These brands are best differentiated by price points: Gap is focused on current essential fashions at midpoint prices, while Old Navy is discount current fashion. Banana Republic is more of a luxury brand that is focused more on classic and timeless clothing as opposed to fashion.
The Gap also operates Athleta, a rapidly growing premium fitness apparel store for women that the company acquired in 2008. Sales at Athleta are up 48% since the start of the pandemic and up 18% in the most recent quarter. Athleta opened Athleta Girl in 2016 and began selling sleepwear on 2020.
Old Navy is the largest of the company’s brands, accounting for 54% of sales in the January 2022 fiscal year. Gap Stores accounted for 24%, Banana Republic for 12%, and Athleta for the remaining 10%.

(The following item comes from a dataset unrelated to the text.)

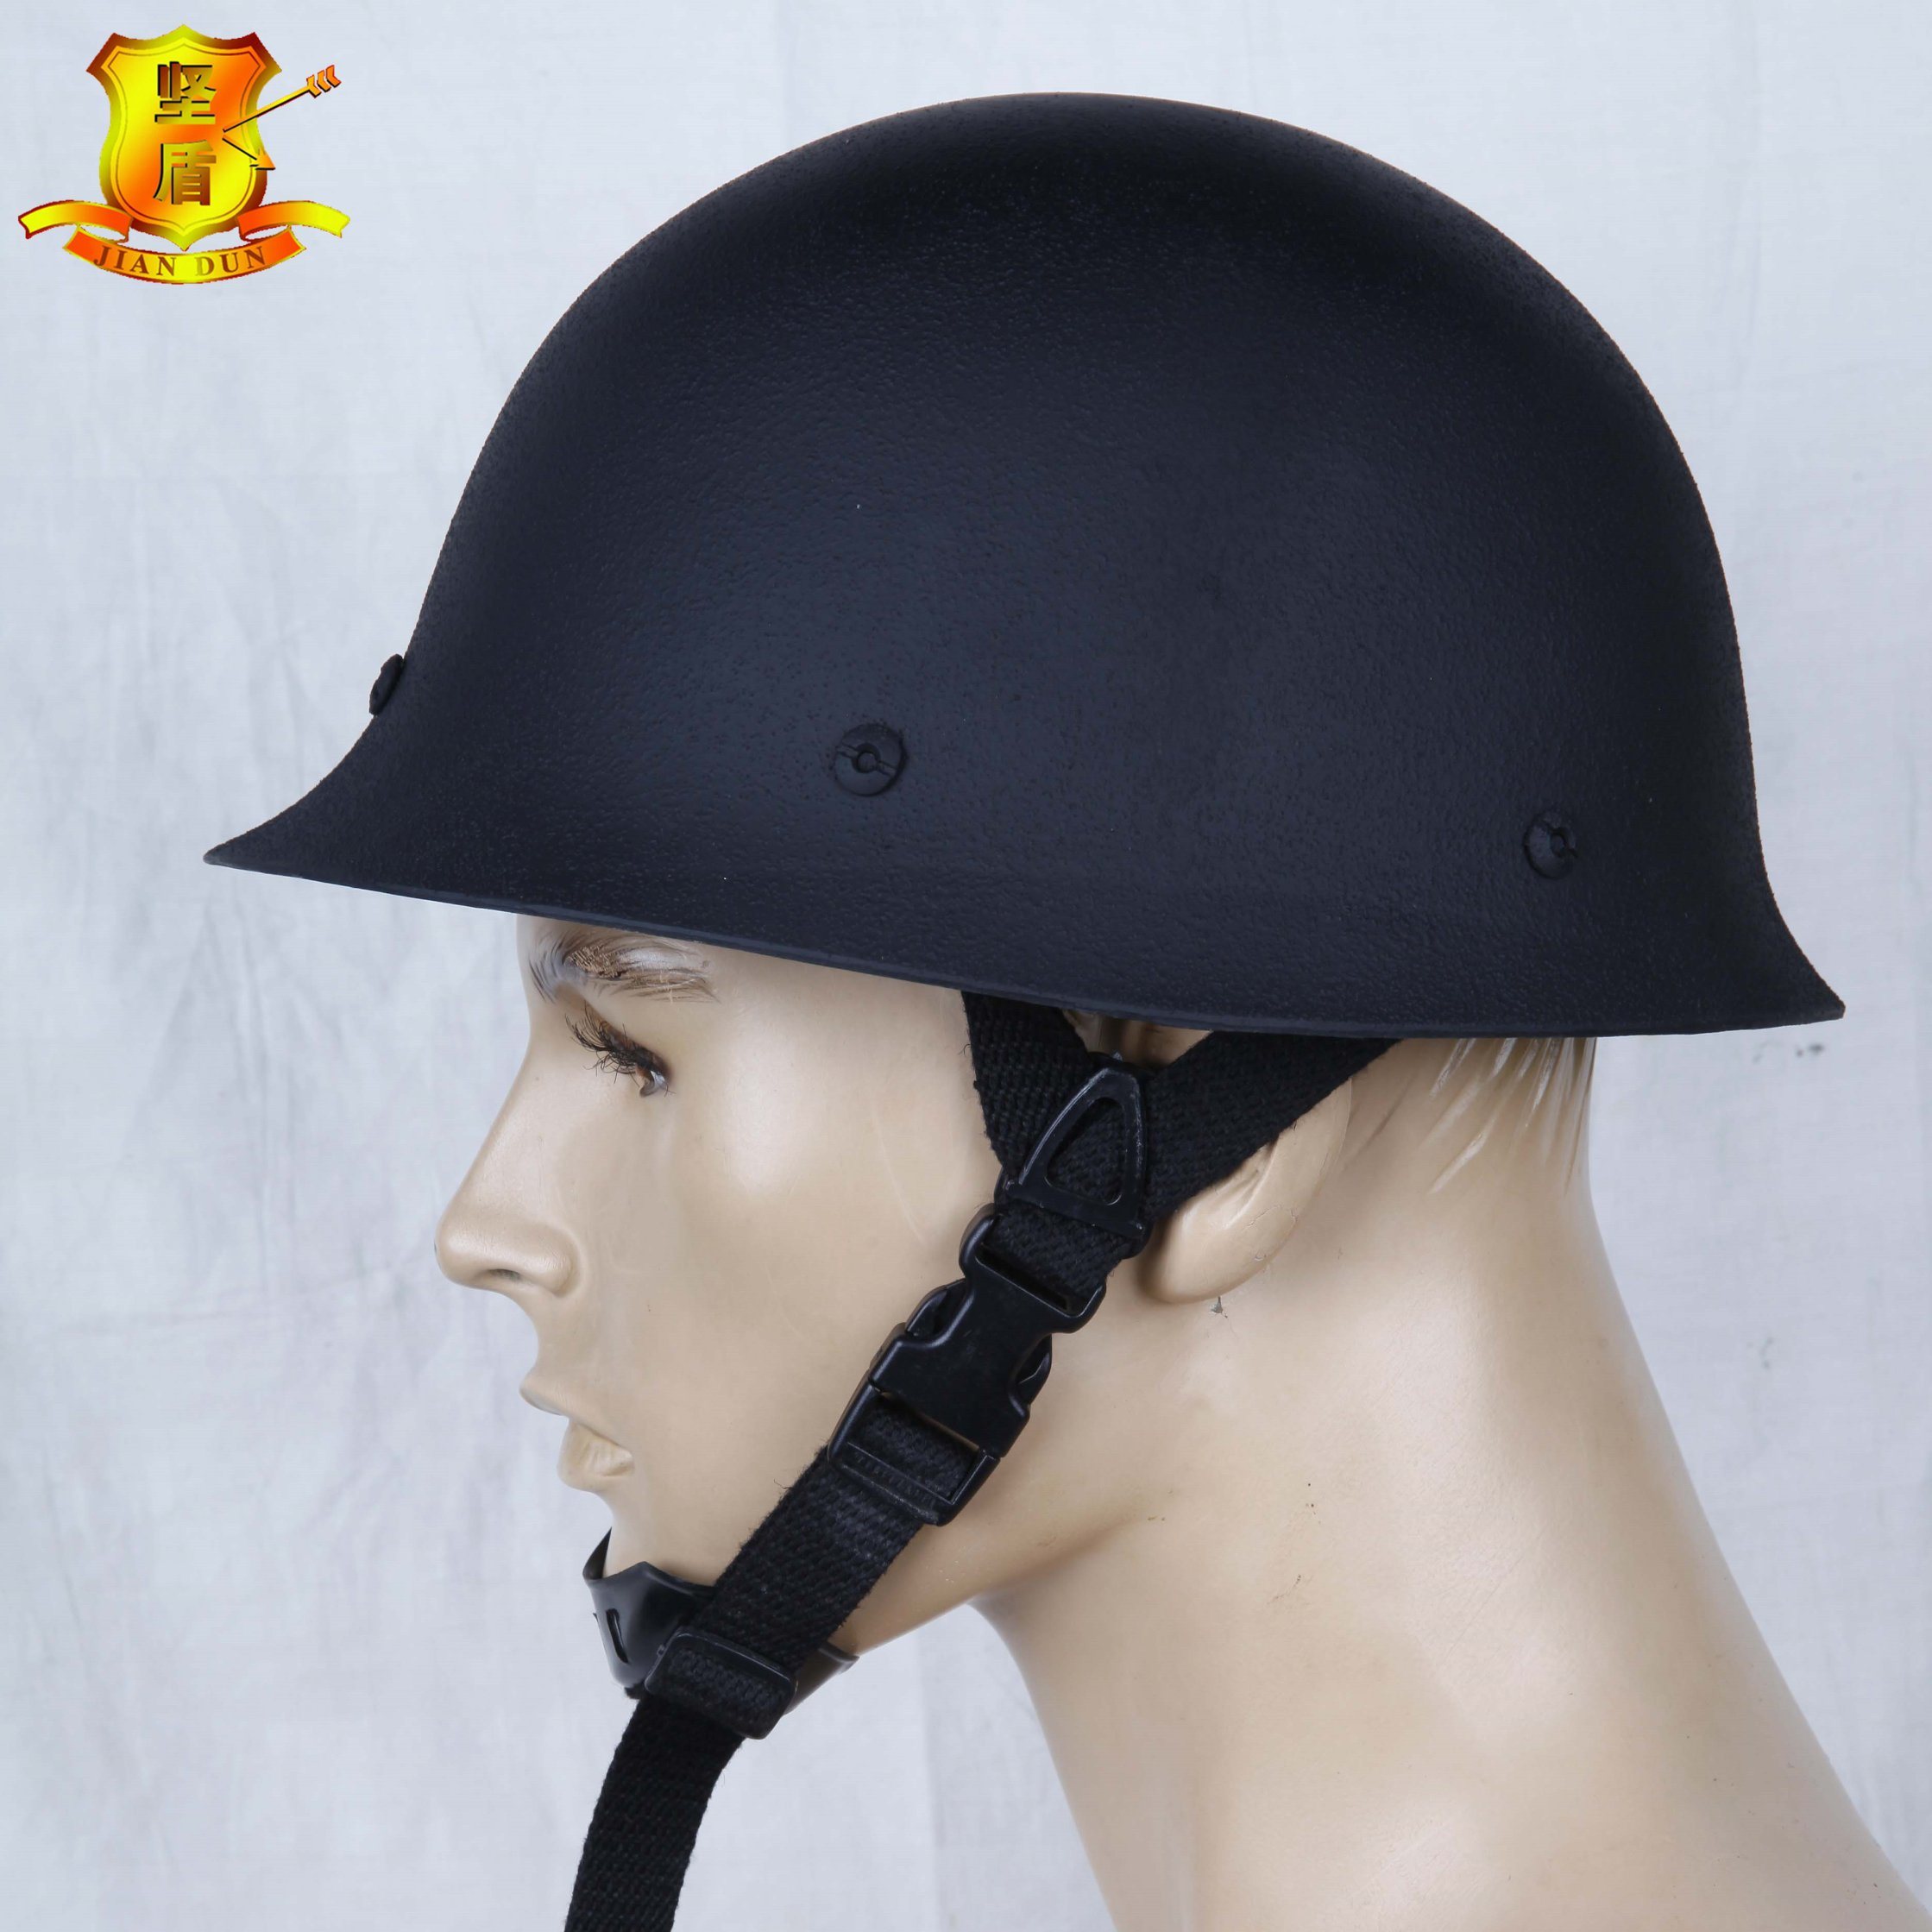 Us Replica M1 Wwii Infantry Army Helmet with Liner & Helmet Net-Green

The past decade has been a very frustrating one for Gap shareholders. Revenues did not grow between the January 2014 and the January 2020 fiscal years, barely advancing from $16.1 billion to $16.4 billion. Margins came under pressure from a competitive retail environment and spending on new store concepts.
Also, despite share buybacks that retired 22% of outstanding shares, EPS fell from $2.74 to $1.97 over the same period. During this period, the price of GPS stock fell from over $40 a share in 2014 to under $20 a share by the end of 2019.
When the pandemic led to operating losses, Gap management took action, initiating Power Plan 2023 to improve results. Under this plan, the company sought to grow the profitable Old Navy and Athleta brands, close underperforming stores and increase online sales. Non-core businesses, including baby store Janie and Jack and men’s fitness store Intermix, were divested.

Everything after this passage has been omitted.